Solved – SSE not decreasing with increase in number of clusters

clusteringk-means

So as far as I know, SSE should decrease( or just never increases) as the number of clusters increases.

I have an implementation of K-means where the parameter k was supplied as 5,10,15,20,25 and 30 for every different run of the K-means. So at the end of each run, the number of clusters reported was 2,5,8,3,5 and 7

Sum Of Squared Error(SSE) was calculated for each of the runs.

SSE for k=5(2) was 41695.147

SSE for k=10(5) was 43016.033

SSE for k=15(8) was 48692.344

SSE for k=20(3) was 41440.441

SSE for k=25(5) was 45485.315

SSE for k=30(7) was 40871.851

The graph below is plotted for number of clusters reported by K-means vs SSE.

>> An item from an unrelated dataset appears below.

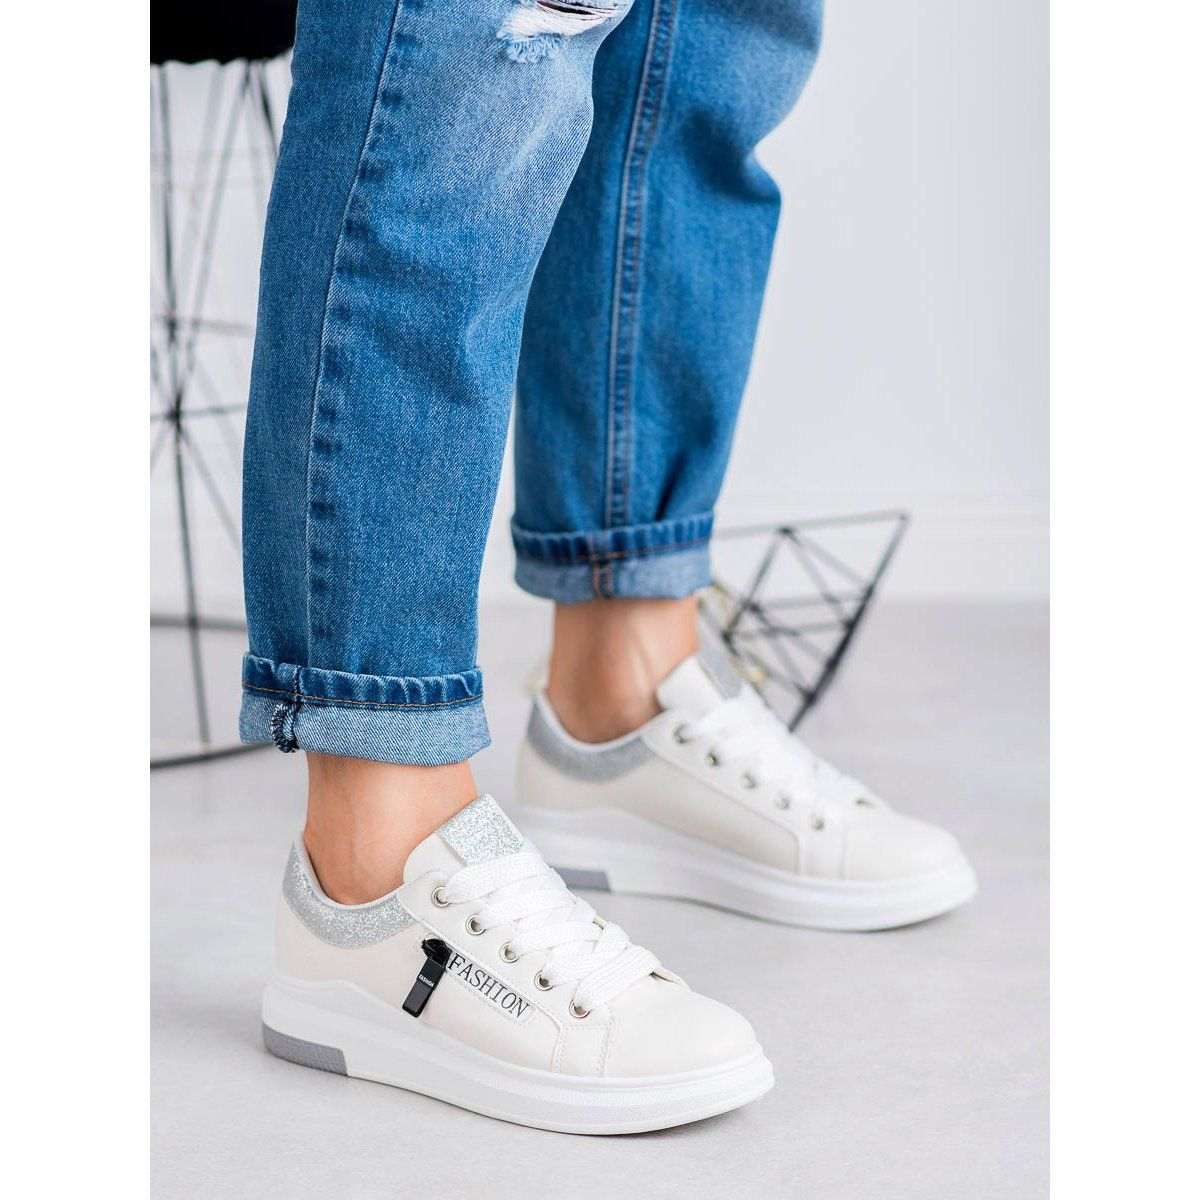 Shelovet Buty Sportowe Fashion Biale Shoes White Sneaker Sneakers

enter image description here

This isn't supposed to happen right?

UPDATE:

data_attributes = (float, nominal, nominal)

calculation of distance:

point_1 = (2, 'apple', 'car')

point_2 = (4, 'banana', 'car')

dist(point_1, point_2) = (2 + 1 + 0) = 3

for float attribute: Simple euclidean distance between (2 and 4) = 2

for nominal attribute: if same values, then zero else one.
So ('apple' and 'banana') = 1 and ('car' and 'car') = 0

Is this distance calculation the culprit?

Best Answer

SSE and k-means only makes sense with continuous variables.

How did you even compute the mean on such data?!?

K-means must not be used with arbitrary distances. The method is designed to optimize squared Euclidean only, and can be extended trivially to other Bregman divergences. But for example k-means does not minimize Euclidean distances, but only the squared.

The rule that the SSE does not increase with increasing k only holds for the true optimum. If you converge to inferior solutions, it may not hold. So in particular if it is violated you know that k-means failed.

Another indication of k-means failing on your data are the disappearing clusters.nif you have set k=15 but in the end only get 8 clusters that is because it simply did not work.